Tip 5: Manage affiliate links with Stripe for more customizability and cost-savings
When working with influencers and content creators, you’ll need to create and share links that they’ll use to send users to your app. Apple and Google offer promo codes, but they lack the flexibility you need to operate any kind of affiliate partner program at scale.
This is a challenge faced by Emmanuel Crouvisier, founder of CardPointers, an app that makes it easy to optimize credit card rewards. He works with content creators in an affiliate / revenue-share scheme and found that using Stripe for links and coupons was instrumental in boosting his revenue.
“Stripe really empowers me as a business owner,” Crouvisier explains on the Sub Club podcast. He tapped into Stripe’s versatility to offer customized discounts and set up unique free trial links. This approach was instrumental in providing better incentives to users and ensuring a smooth onboarding experience. By using special partnership links that offer discounts on Card Pointers Pro, Crouvisier addressed the common attribution problem in affiliate marketing. Users are more motivated to use these links as they lead to direct savings.
Using Stripe saves them money too: transactions are processed through Stripe save the extra fees typically paid to Apple, aiding in keeping the business within Apple’s Small Business Program.
In practice, Stripe allows you to maintain more control over your promotional strategies and collaborations. The ability to tailor specific offers and track their success through unique UTMs in Stripe’s ecosystem provides a clear advantage over more rigid platforms. This flexibility is crucial for subscription apps looking to optimize their affiliate programs and forge more productive and profitable partnerships.
📚 Further reading:
- Find out how to use Branch as a link-management tool for influencer campaigns.
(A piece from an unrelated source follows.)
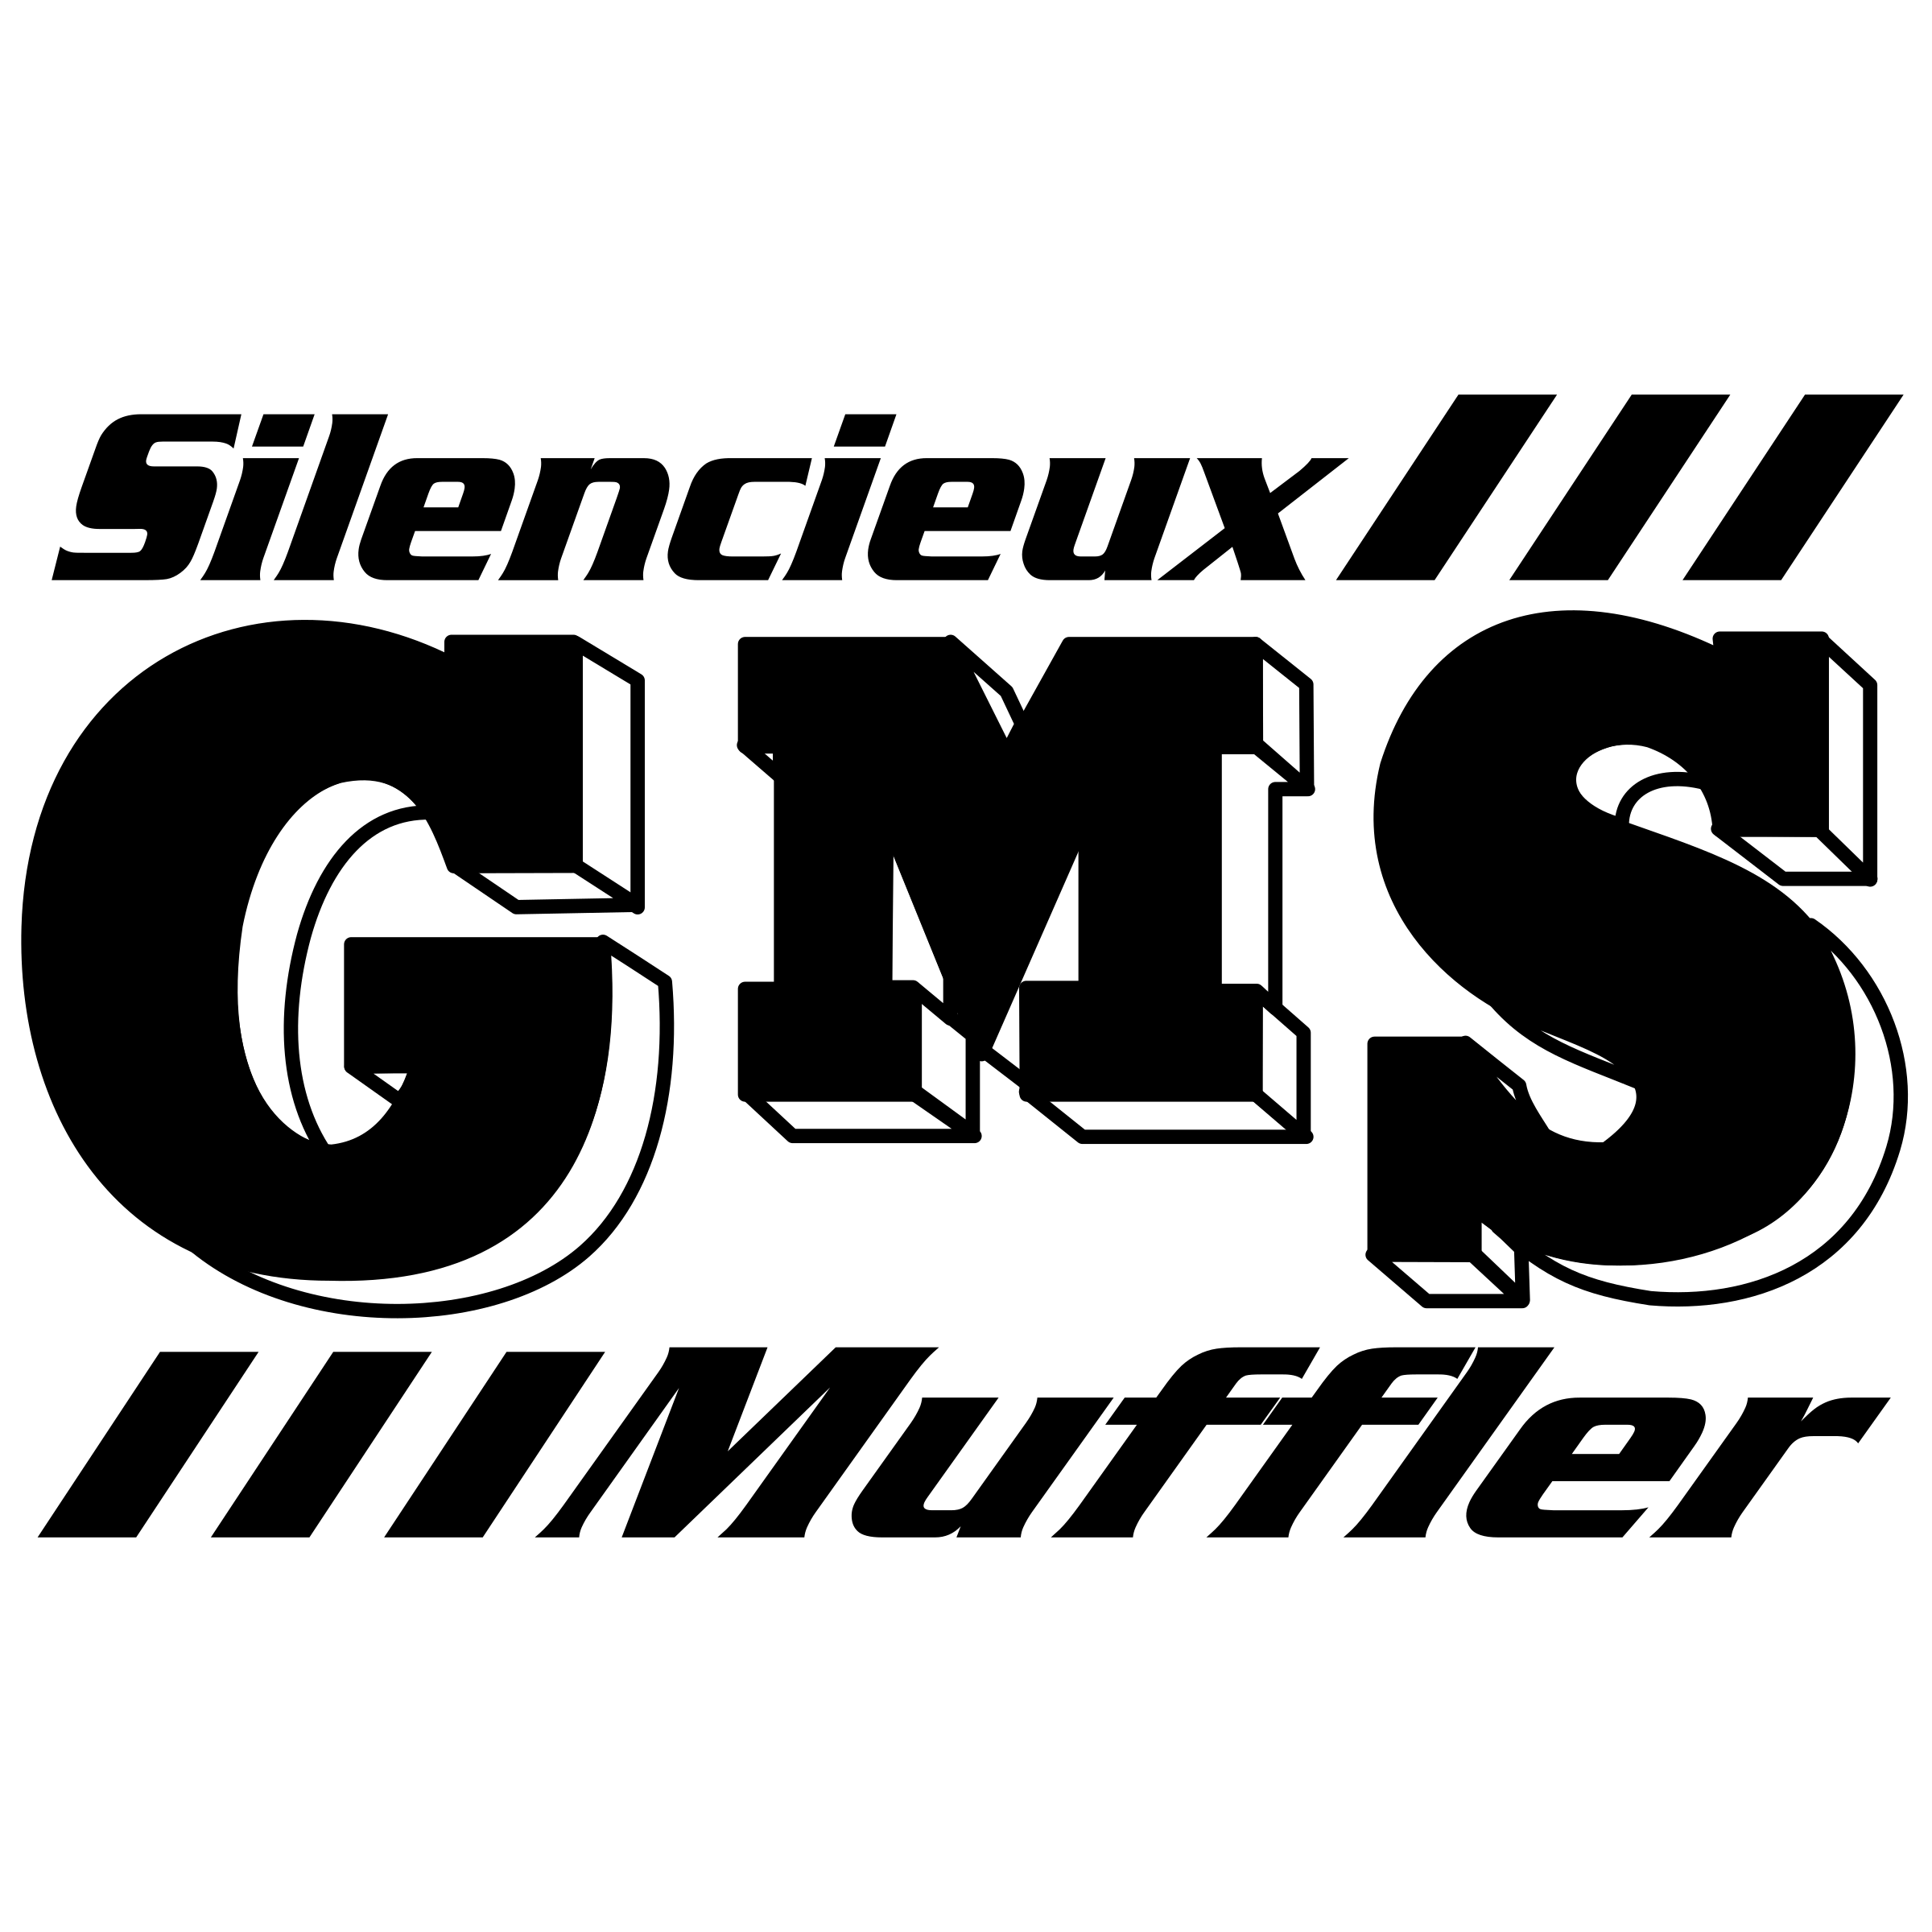 Muffler Logo - Silencieux GMS Muffler Logo PNG Transparent & SVG Vector - Freebie ...
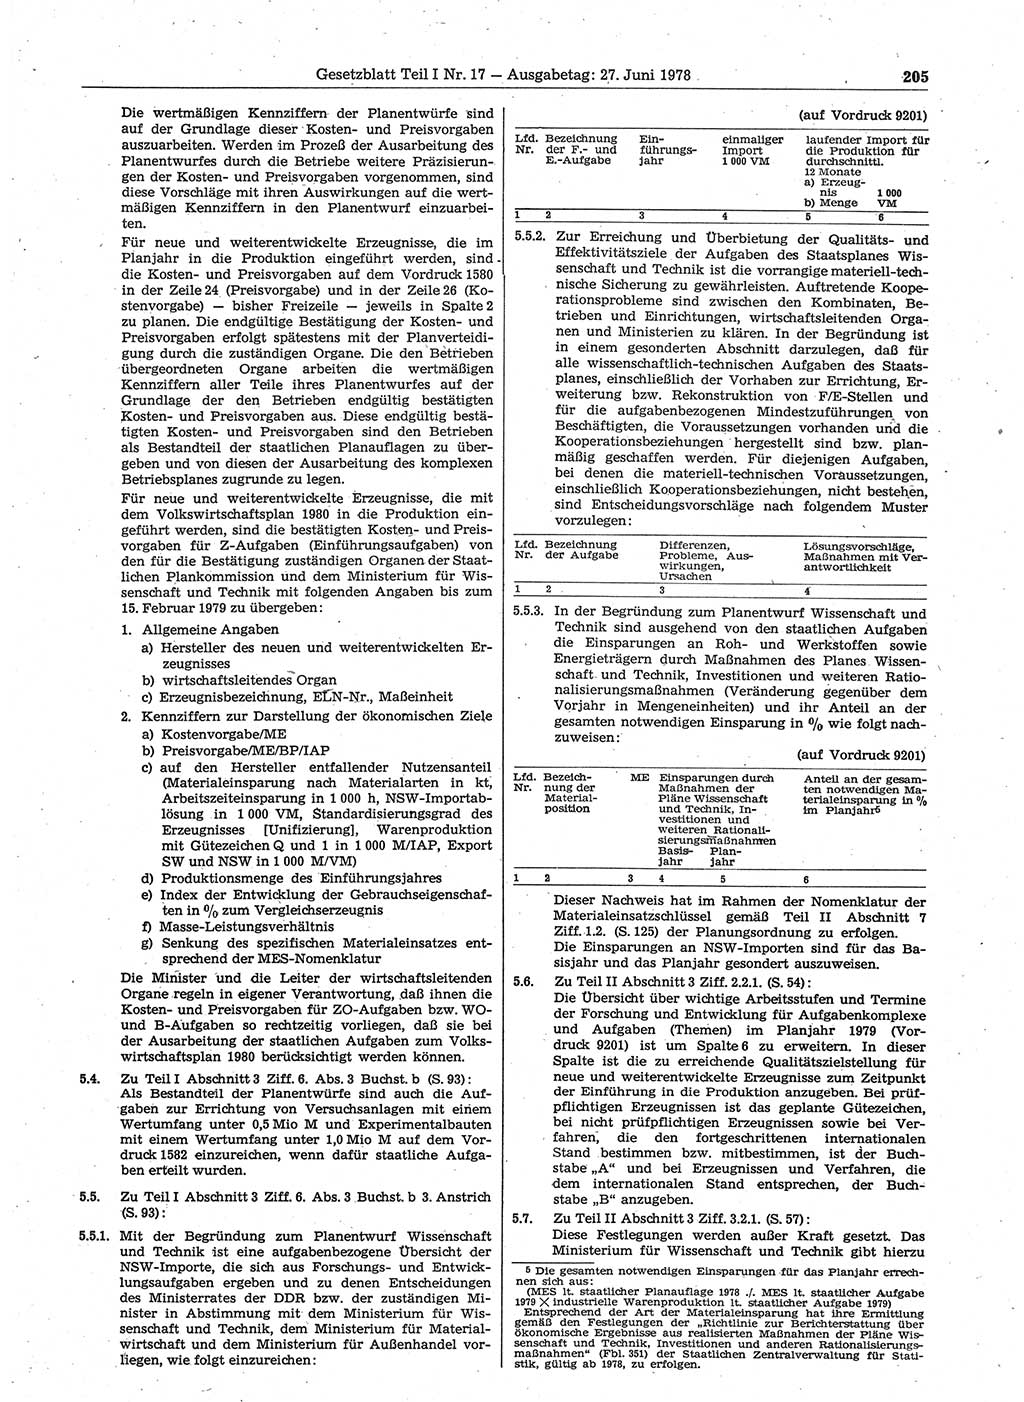 Gesetzblatt (GBl.) der Deutschen Demokratischen Republik (DDR) Teil Ⅰ 1978, Seite 205 (GBl. DDR Ⅰ 1978, S. 205)

- And find out how you can integrate RevenueCat with Stripe for a seamless cross-platform experience for your users
Tip 6: Treat your tooling providers as strategic partners
Most companies use anywhere between 10 to 100+ tools in their day-to-day operations. If you’re not treating your tooling providers as strategic, long-term partners, you could be wasting time and money focused on the wrong things.
Vince Mayfield is the co-founder and CEO of TalkingParents, an app that helps divorced or separated parents manage communication and share responsibilities. When it comes to choosing the right tooling providers, Vince says they learned from mistakes.
For example, the TalkingParents app includes an audio translation service through AssemblyAI. However, they initially partnered with a different tool that they chose based on cost savings. However, as TalkingParents scaled, their previous audio translation tool wasn’t able to scale with them, causing disconnections on the app.
“The lesson is to make sure that you understand clearly what the unit economics are and how it will affect your cost of goods sold,” Mayfield said. “Working with another start-up sounds cool, but if they can’t scale when you’re scaling, you’ve got a problem. We had to go back and reengineer.”
RevenueCat was the first tool TalkingParents used to manage their subscriptions. Initially, they tried to build out a subscription manager themselves, which turned out to be a nightmare of constant updates. RevenueCat solved a significant pain point and was able to scale as they grew. Vince’s main piece of advice for software engineers is to not try to build it yourself, but rather find the best-in-class partner.
Explore and experiment with strategic partnerships
When done right, strategic partnerships can build credibility, drive growth, and create more value for your users. Remember to get creative, don’t be greedy, and focus on building long-term relationships with your partners.